To sum up, the distance is performed in a specific scenario, and it is assumed that the basic machine learning network is a deep neural network, which is used to map the voice command of the user to the corresponding target hearing assistance voice. During the training process, the computer system trains this network using a large number of voice data pairs. Each pair of voice data includes a source voice sequence and a target hearing assistance voice. The computer system firstly extracts the voice characteristics and obtains a preliminary mapping relation through a basic machine learning network. Then, the computer system debugs the parameters in the extended distribution mapping table according to the loss value calculated by the first evaluation function, so that the predicted result of the basic machine learning network is more similar to the target hearing aid voice. During the debugging process, the computer system may update the parameters in the mapping table by using an optimization algorithm such as gradient descent. Through multiple iterative training and adjustment, the computer system finally obtains an optimized transition machine learning network. This network may be more excellent in predictive performance than the underlying machine learning network, and may be able to more accurately recognize and translate the user's voice instructions.
In practical application of hearing aid devices, the performance improvement of the transitional machine learning network means that users can interact with the devices more smoothly and naturally, so that user experience and satisfaction are improved. For example, when a speaker makes a "please open a window" voice, the optimized transitional machine learning network can more accurately recognize this voice and generate a clear, intelligible target hearing assistance voice "open a window" to help hearing impaired patients quickly understand the speaker's intent.
Step S152, a second voice binary group sample composed of a second to-be-recognized source voice sequence and target hearing aid voice matched with the second to-be-recognized source voice sequence is obtained.
The data structure of the second speech binary group sample may refer to the first speech binary group sample, and will not be described herein.
And step S153, performing fine optimization on all network learnable variables of the transition machine learning network based on the second voice binary group sample to obtain the target feature representation network.
In step S153, the computer system fine-tunes all network learnable variables of the transitional machine learning network using the second speech tuple sample. These network-learnable variables include parameters such as weights, biases, etc. of the model, which have an important impact on the performance of the model. The goal of the fine tuning is to achieve better performance of the transitional machine learning network on the new data set (i.e., the second speech two-tuple sample) by making small adjustments to these parameters.
Specifically, the computer system first loads the transitional machine learning network and uses the second speech tuple sample as input data. The computer system then calculates the gap between the predicted and actual results of the model under the current parameters, e.g., as measured by an evaluation function. The computer system then uses an optimization algorithm (e.g., gradient descent) to update the learnable variables of the transitional machine learning network to minimize the value of the loss function. This process is iterated until the performance of the transitional machine learning network reaches a preset standard or the number of iterations reaches an upper limit.

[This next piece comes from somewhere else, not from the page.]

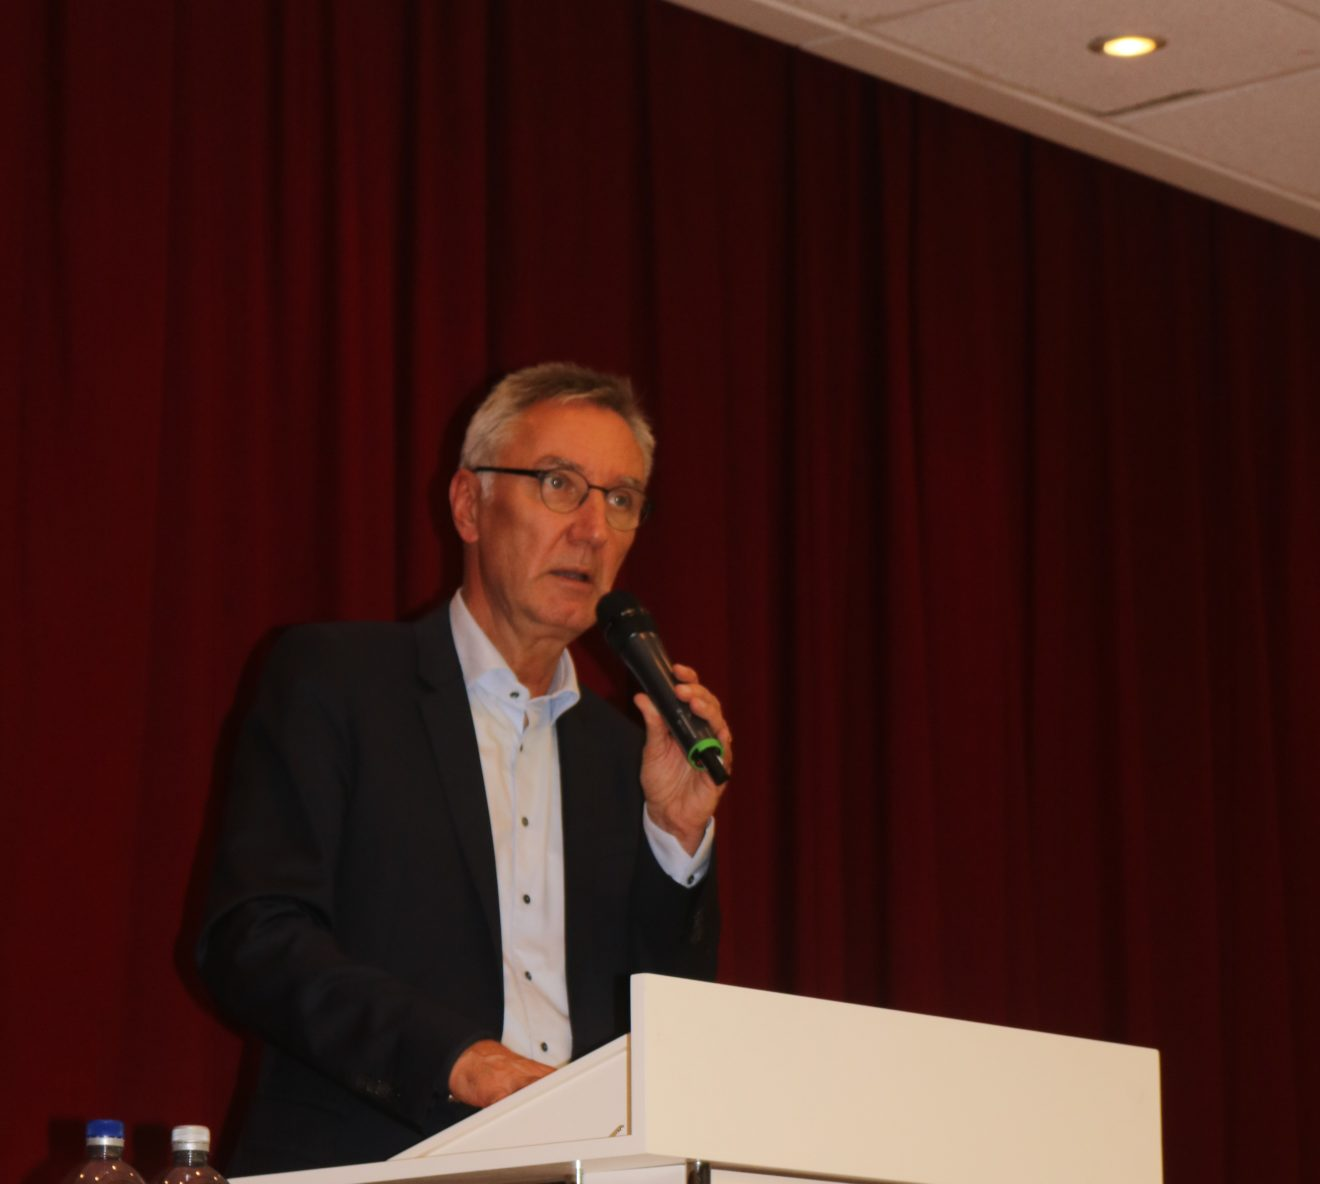 Große Beteiligung am Vortrag mit Professor Schulte-Markwort
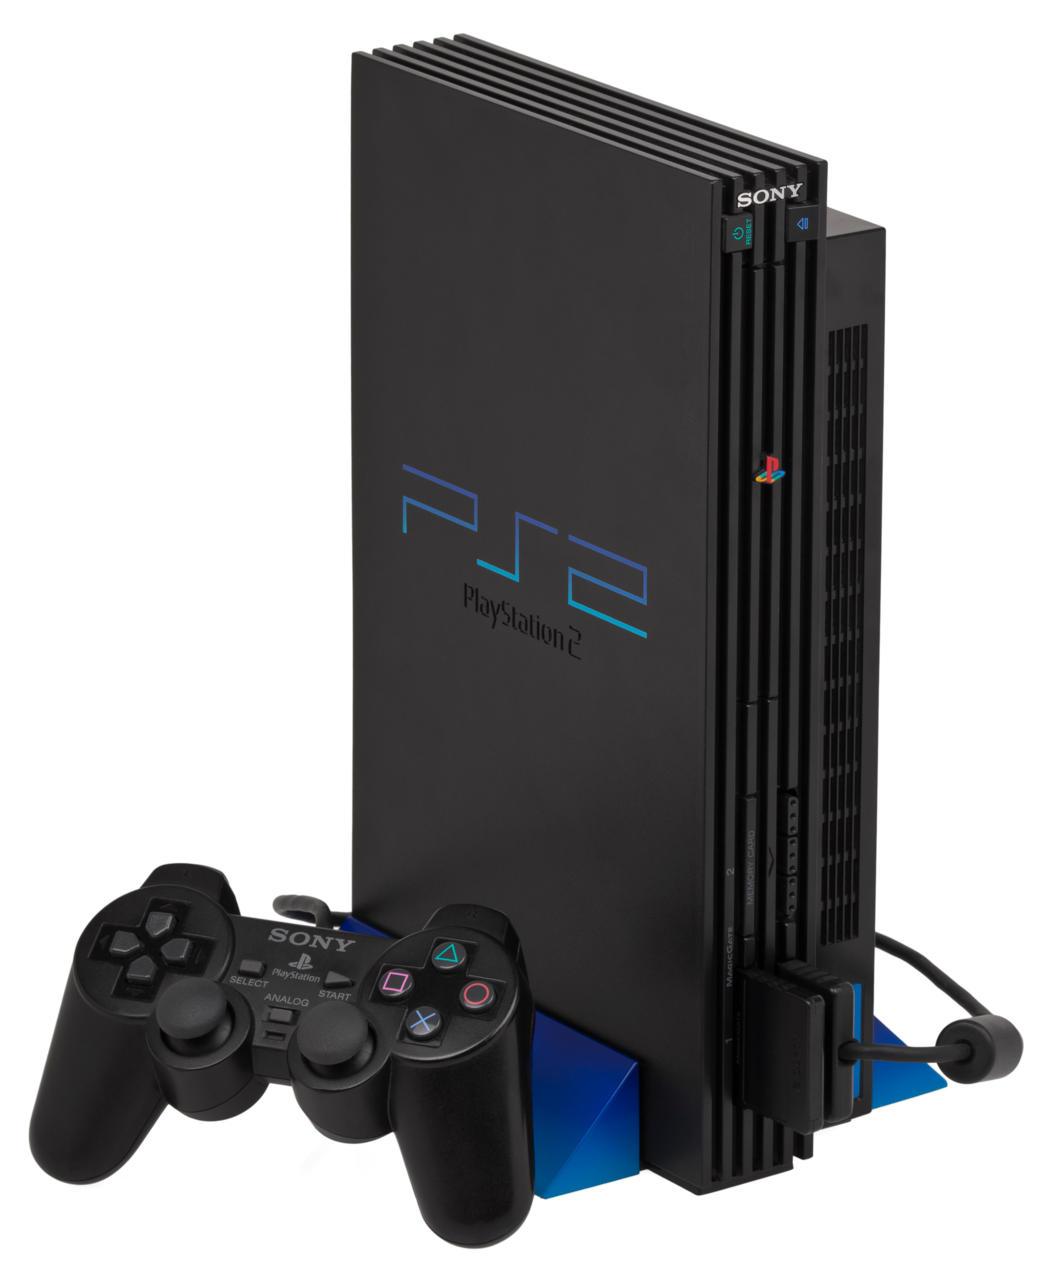 1. PlayStation 2

For example, suppose that a user speaks "please help me open a window" in a voice that is blurry or faster. Prior to fine tuning, the transitional machine learning network may not accurately recognize the speech signal to which this speech corresponds. By fine tuning using a second speech tuple sample containing the user's speech, the transitional machine learning network can learn the pronunciation characteristics and speech speed habits of the speech, thereby more accurately recognizing and converting the speech. Finally, the trimmed model is used as a target feature to represent the network, so that the user voice can be more accurately recognized and converted, and the performance and user experience of the equipment (such as TWS earphone) applying the transition machine learning network are improved.
As an implementation manner, the number of the second speech tuple samples is plural, each second speech tuple sample includes a second to-be-recognized source speech sequence and a target hearing assistance speech matched with the second to-be-recognized source speech sequence, and the step S153 of performing fine optimization on all network learnable variables of the transition machine learning network based on the second speech tuple samples to obtain the target feature representation network specifically may include:
Step S1531, for the second to-be-recognized source speech sequence in each second speech binary group sample, obtaining an active speech example and a passive speech example of the second to-be-recognized source speech sequence, where the active speech example of the second to-be-recognized source speech sequence is a target hearing assistance speech of the same second speech binary group sample as the second to-be-recognized source speech sequence, and the passive speech example of the second to-be-recognized source speech sequence is a target hearing assistance speech of a second speech binary group sample different from the second to-be-recognized source speech sequence.
In step S1531, the computer system processes for each second speech tuple sample consisting of the second sequence of source speech to be recognized and the target hearing aid speech matching it.
For each second to-be-identified source speech sequence, the computer system obtains its positive speech instance and negative speech instance. Both examples play a vital role in the training process. An example of a positive speech is a target hearing aid speech belonging to the same second speech tuple sample as the second to-be-recognized source speech sequence, i.e. a correct response corresponding to the source speech sequence. In contrast, the negative speech example is the target hearing aid speech belonging to a different second speech tuple sample than the second to-be-recognized source speech sequence. This means that these examples are not expected responses of the source speech sequence, but responses of other speech or erroneous responses. By distinguishing between positive and negative speech examples, the computer system is able to more effectively train and optimize the machine learning model so that it can respond more accurately and sensitively in the face of the user's speech. The step not only improves the performance of the network and enhances the user experience, but also ensures that the voice of the user can be summarized and transmitted correctly and timely.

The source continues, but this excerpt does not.